# Information provided
= = =

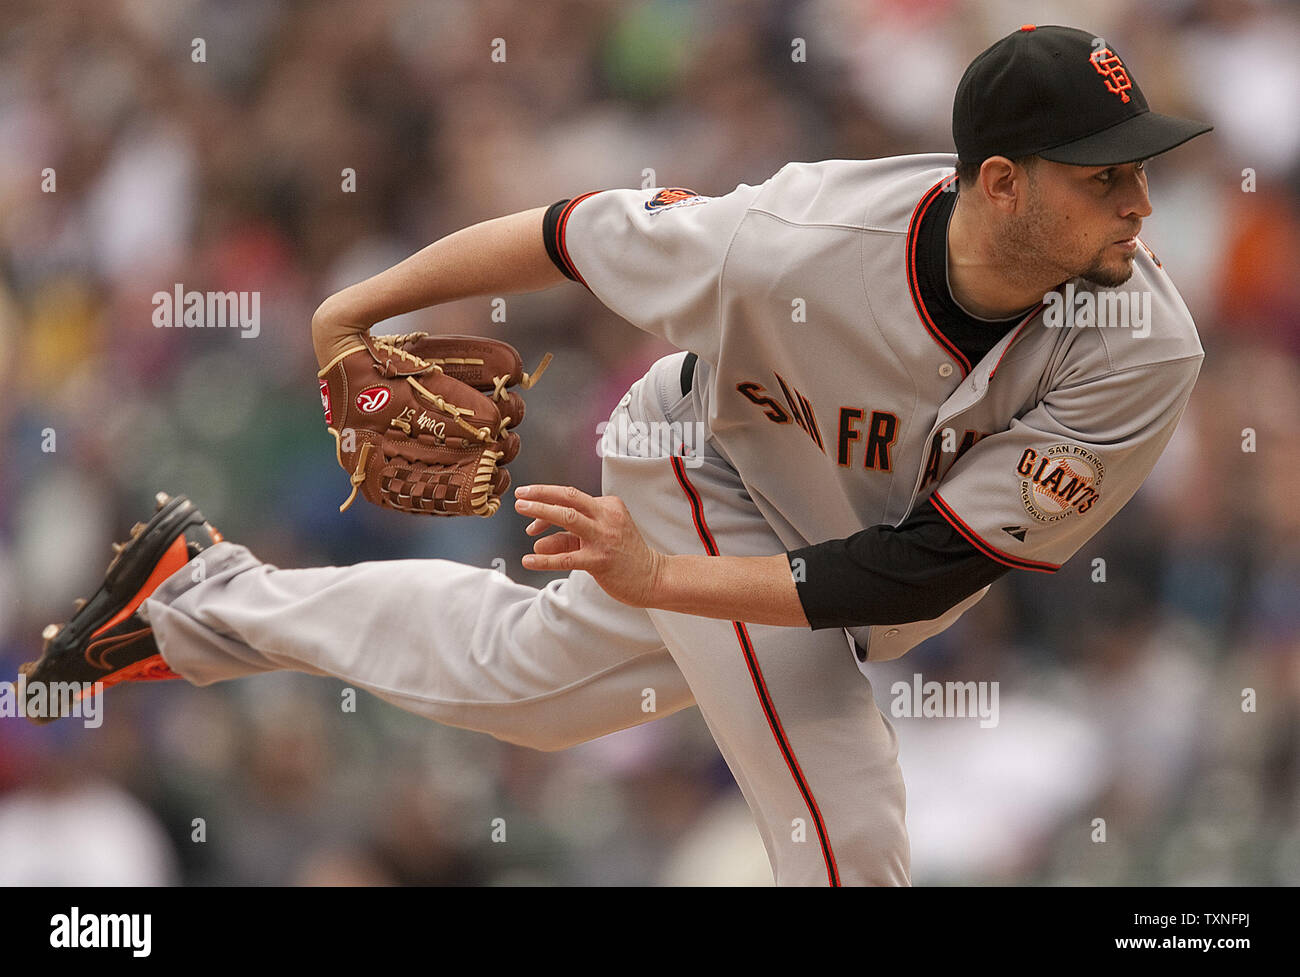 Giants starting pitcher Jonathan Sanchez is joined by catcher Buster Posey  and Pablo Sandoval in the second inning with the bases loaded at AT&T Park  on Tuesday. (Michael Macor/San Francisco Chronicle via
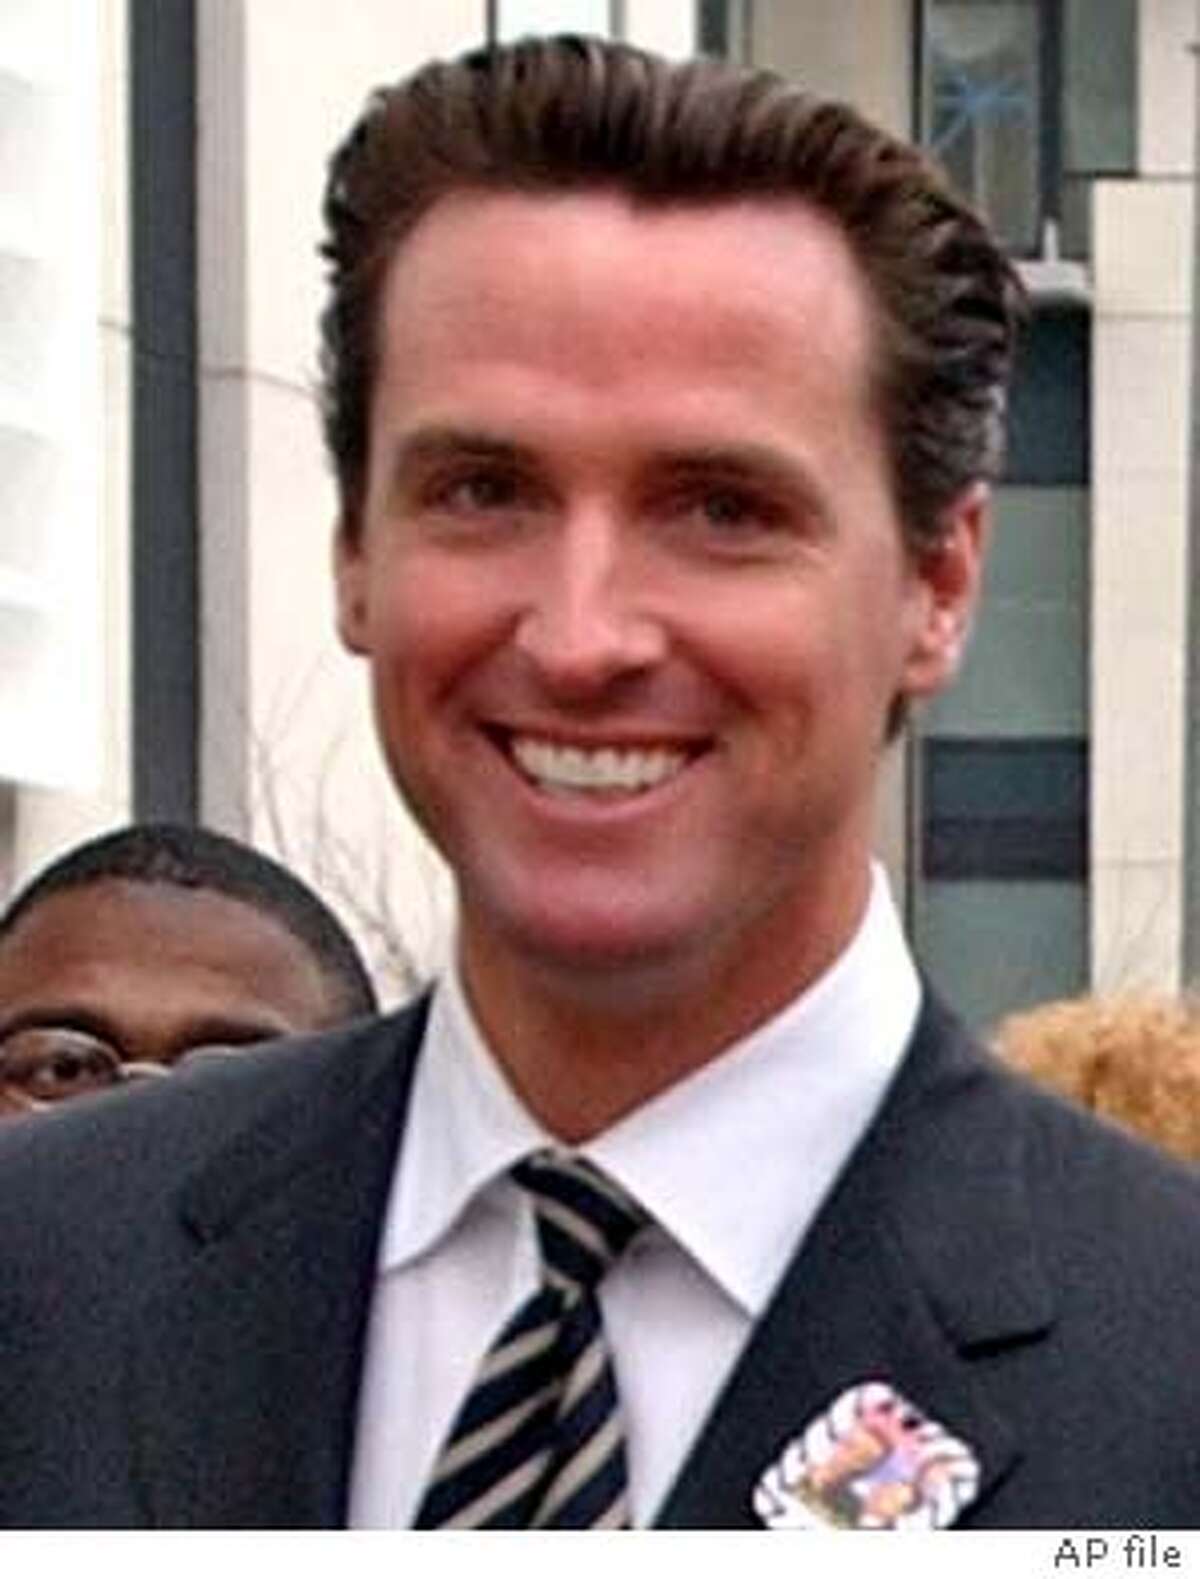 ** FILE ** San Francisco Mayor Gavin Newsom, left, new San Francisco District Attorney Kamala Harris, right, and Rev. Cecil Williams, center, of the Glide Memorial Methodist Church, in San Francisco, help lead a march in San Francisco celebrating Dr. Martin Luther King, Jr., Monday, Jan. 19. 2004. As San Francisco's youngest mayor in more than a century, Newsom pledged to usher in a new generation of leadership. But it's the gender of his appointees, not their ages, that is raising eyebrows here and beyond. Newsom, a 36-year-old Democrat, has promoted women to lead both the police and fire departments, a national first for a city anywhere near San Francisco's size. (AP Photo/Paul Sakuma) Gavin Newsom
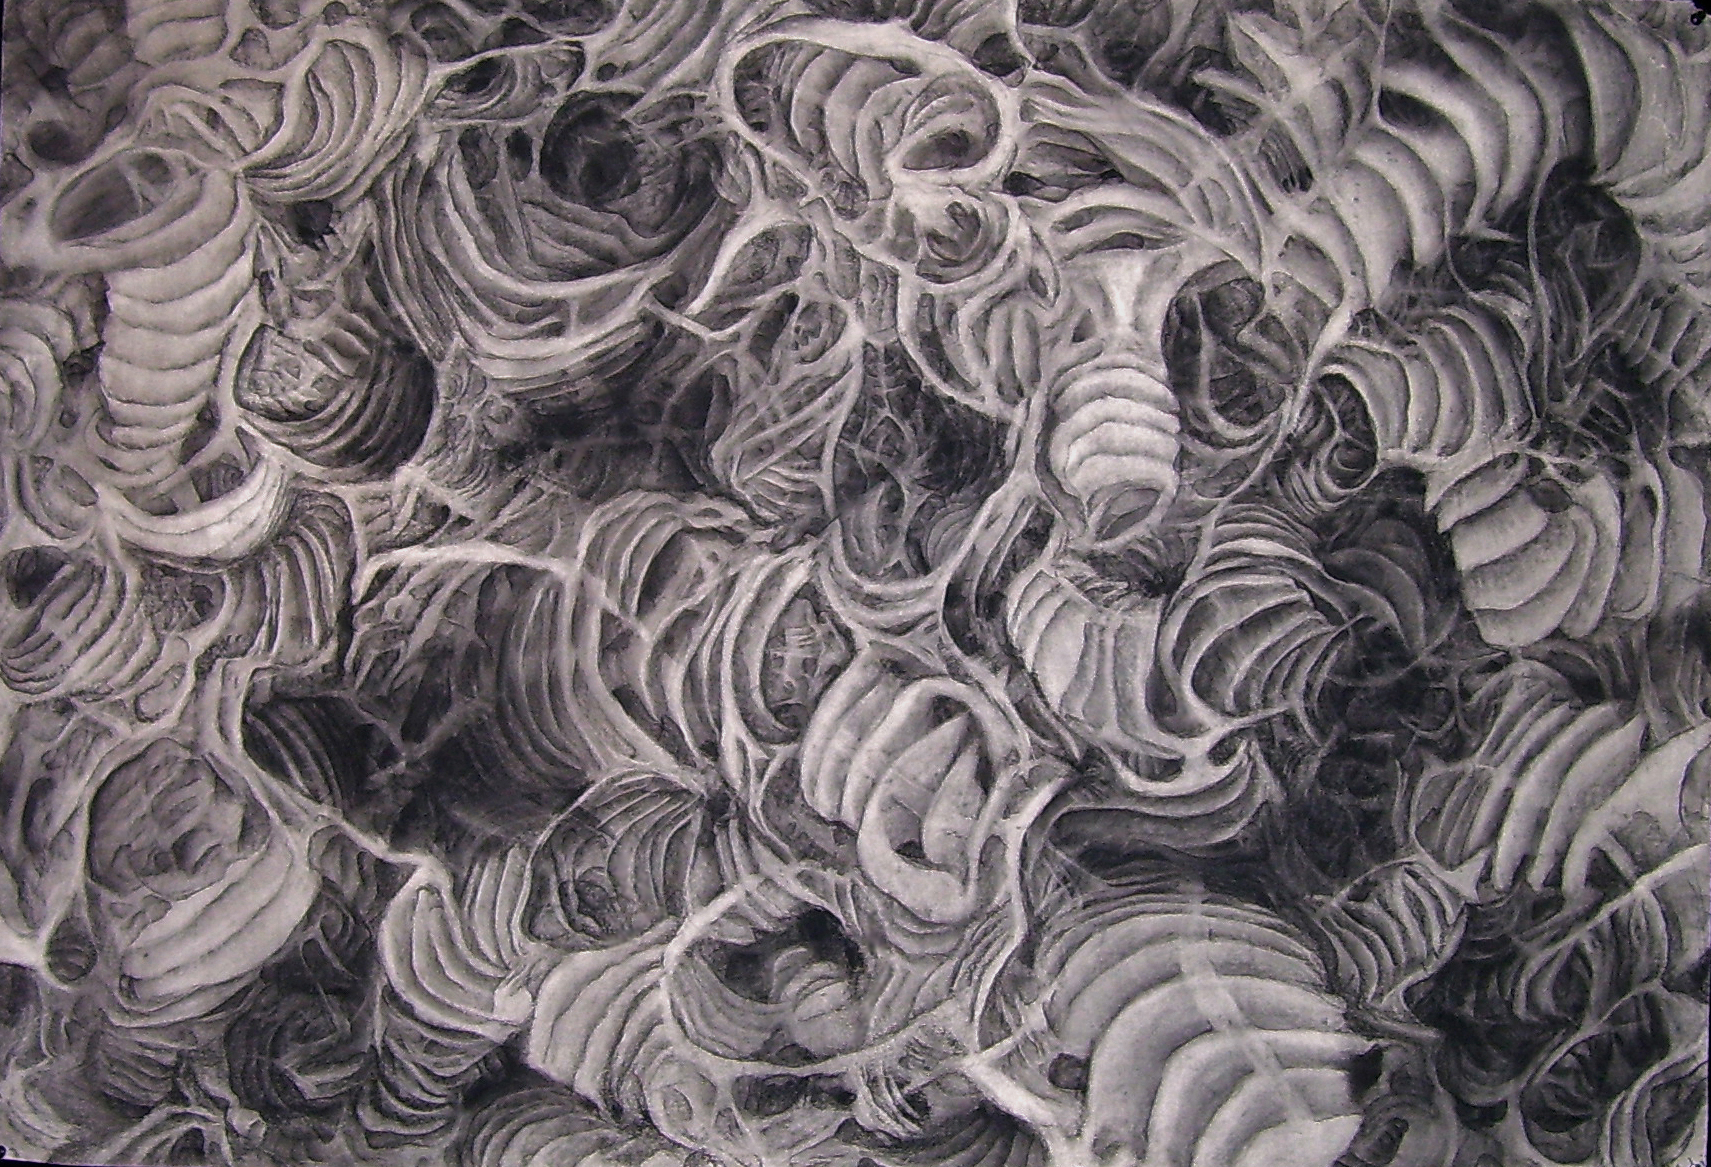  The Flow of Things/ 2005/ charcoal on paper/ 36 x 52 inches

= = =

# Problem to work on
An exact, picture-free copy of the listing above is the goal; write it out now.

# Answer box
 Giants starting pitcher Jonathan Sanchez is joined by catcher Buster Posey  and Pablo Sandoval in the second inning with the bases loaded at AT&T Park  on Tuesday. (Michael Macor/San Francisco Chronicle via
 ** FILE ** San Francisco Mayor Gavin Newsom, left, new San Francisco District Attorney Kamala Harris, right, and Rev. Cecil Williams, center, of the Glide Memorial Methodist Church, in San Francisco, help lead a march in San Francisco celebrating Dr. Martin Luther King, Jr., Monday, Jan. 19. 2004. As San Francisco's youngest mayor in more than a century, Newsom pledged to usher in a new generation of leadership. But it's the gender of his appointees, not their ages, that is raising eyebrows here and beyond. Newsom, a 36-year-old Democrat, has promoted women to lead both the police and fire departments, a national first for a city anywhere near San Francisco's size. (AP Photo/Paul Sakuma) Gavin Newsom
  The Flow of Things/ 2005/ charcoal on paper/ 36 x 52 inches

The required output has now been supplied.